Опять пара пуль со стеклянным треском ударилась о столик и отлетела от него рикошетом с противным визгом. С хвоста поезда длинной очередью ударил пулемет, но тут же захлебнулся. Наверное, заклинило патрон. Если у нападавших буров имелась артиллерия, то скоро защитникам поезда придется несладко. У них надежда только на расположенную где-нибудь поблизости воинскую часть, которая должна была охранять железную дорогу. Рельсы с той и с другой стороны, наверняка, взорваны одновременно, потому что Жан во сне не слышал взрывов. Нужно отсюда поскорее выбираться. Становиться беззащитной мишенью, даже для своих, очень не хотелось. Но и погибнуть от случайной пули, бурской или английской тоже не очень-то радовало. А сидеть в купе под обстрелом было невыносимо. В буквальном и переносном смыслах. Жан заглянул в пулевое отверстие на двери. Весь коридор потонул в пороховом дыму, среди которого неясно маячили фигуры стреляющих через окна пассажиров-офицеров.
– Нужно уходить! – почти крикнул Жан на ухо Фанфану.
– А что с этим делать будем? – парижанин махнул головой в сторону лежащего Барнетта.
– Мы возьмем его с собой для прикрытия, – решил Жан.
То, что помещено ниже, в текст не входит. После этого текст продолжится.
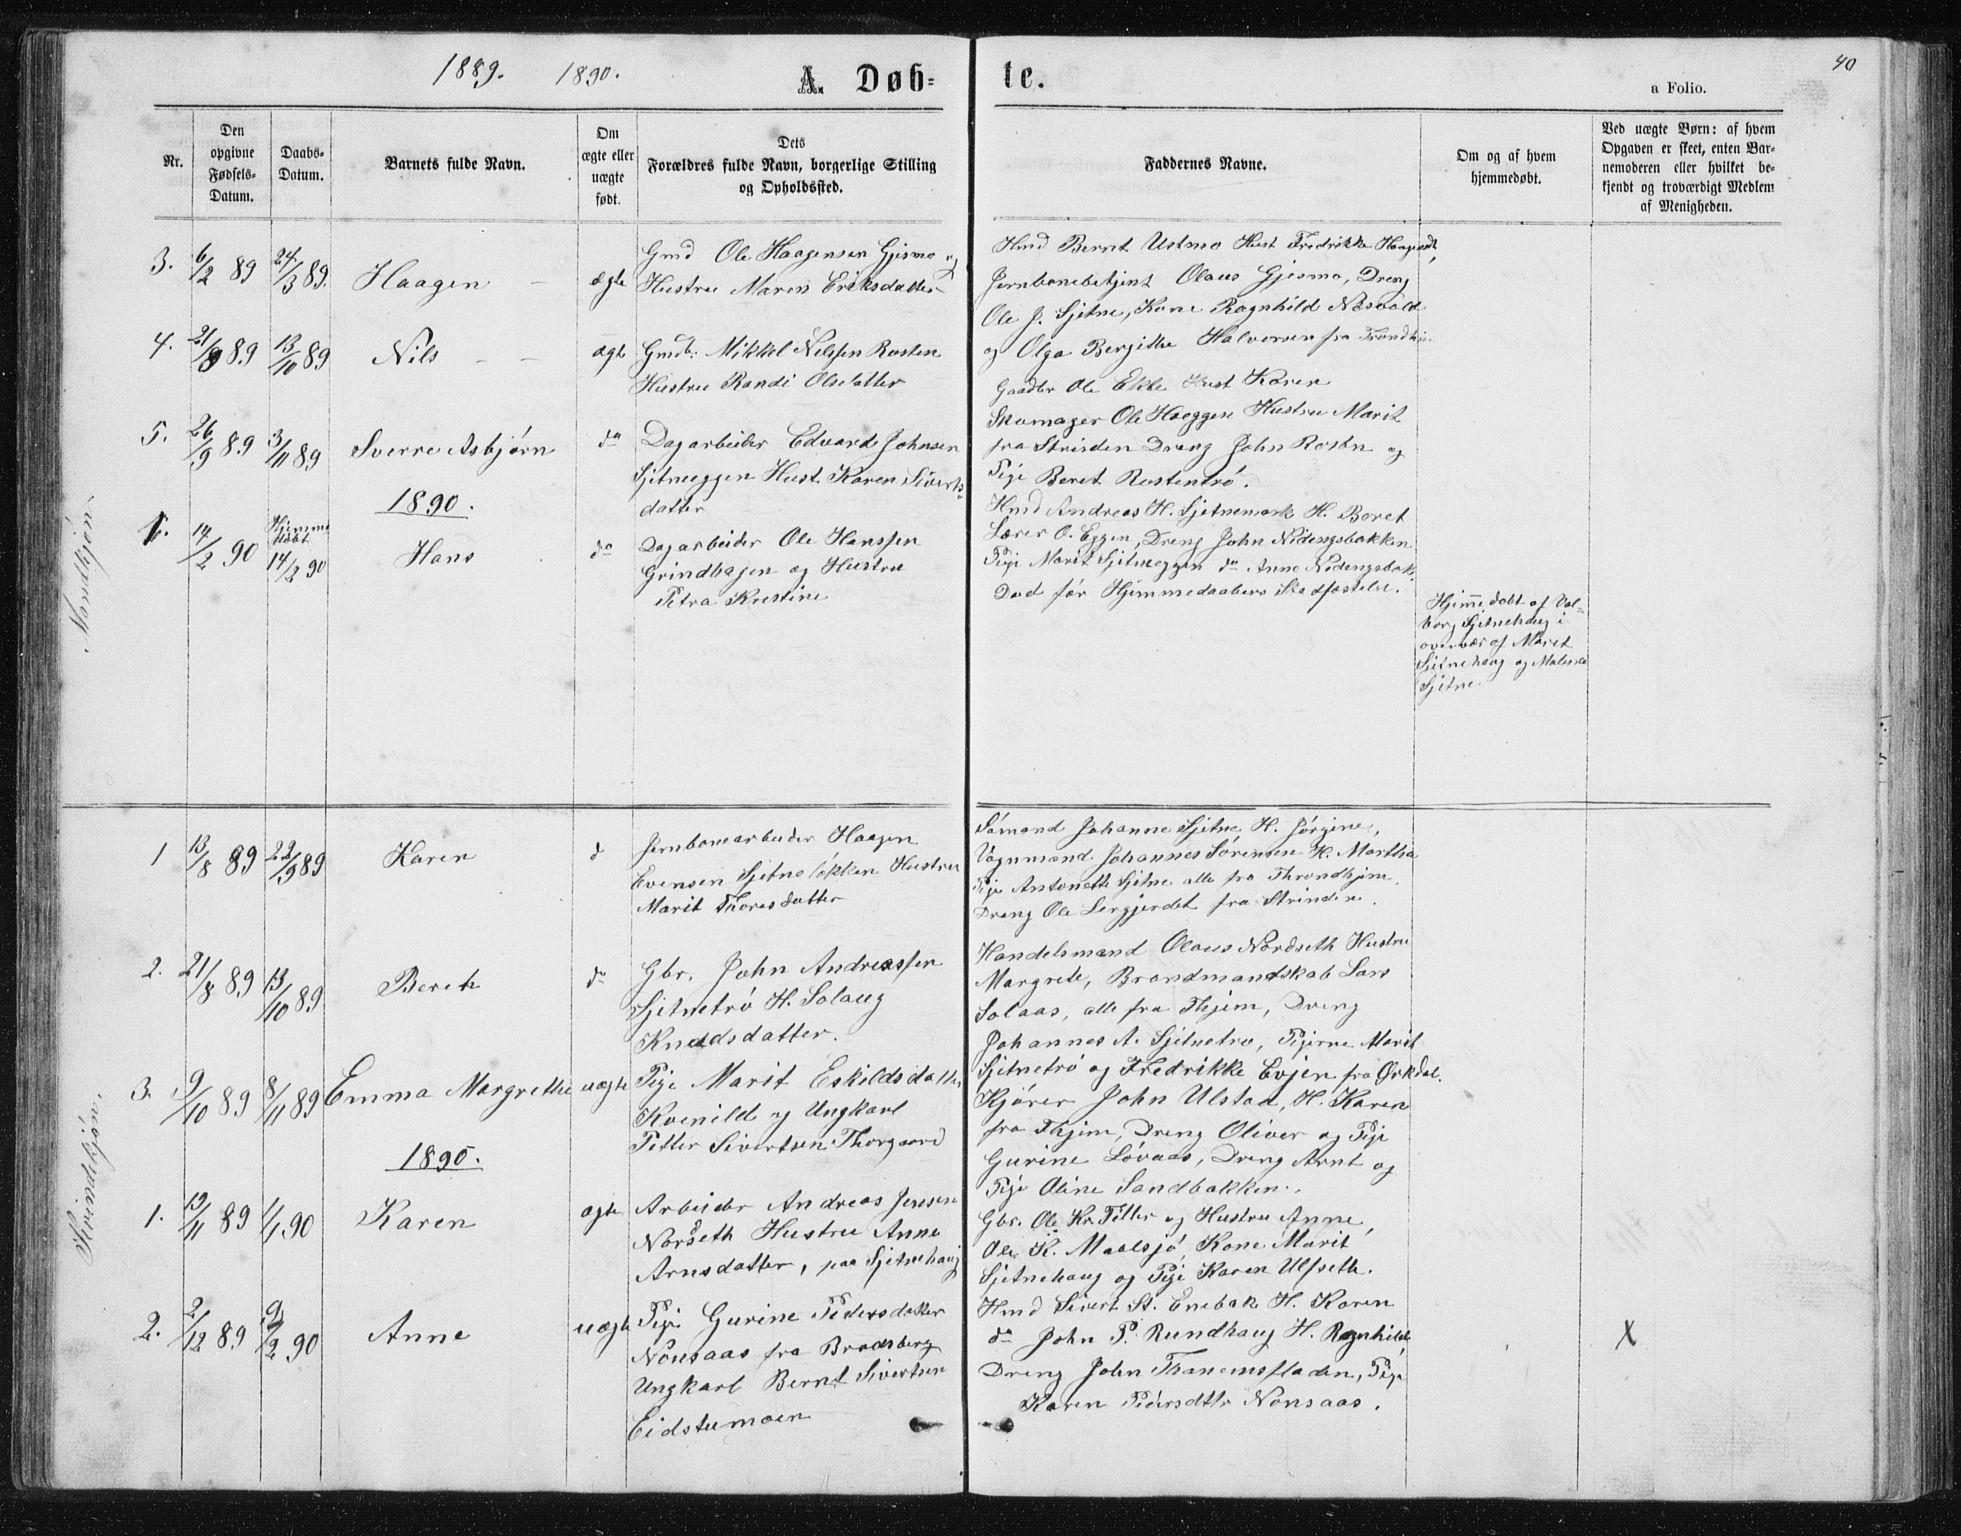 SAT, Ministerialprotokoller, klokkerbøker og fødselsregistre - Sør-Trøndelag, 621/L0459: Klokkerbok nr. 621C02, 1866-1895, s. 40

– И зачем с ним возиться? Лучше бросить его здесь, если решили не убивать. Кто-нибудь да обнаружит.
– Мне надо задать ему несколько вопросов, – серьезно произнес Сорви-голова. Он говорил почти нормальным голосом: перестрелка в этот момент почему-то затихла. Жан Грандье наклонился над пленником и вынул у него изо рта кляп.
– Барнетт, вы хотите жить? – задал Жан тривиальный вопрос. Барнетт ничего не ответил, только с ненавистью посмотрел на Жана.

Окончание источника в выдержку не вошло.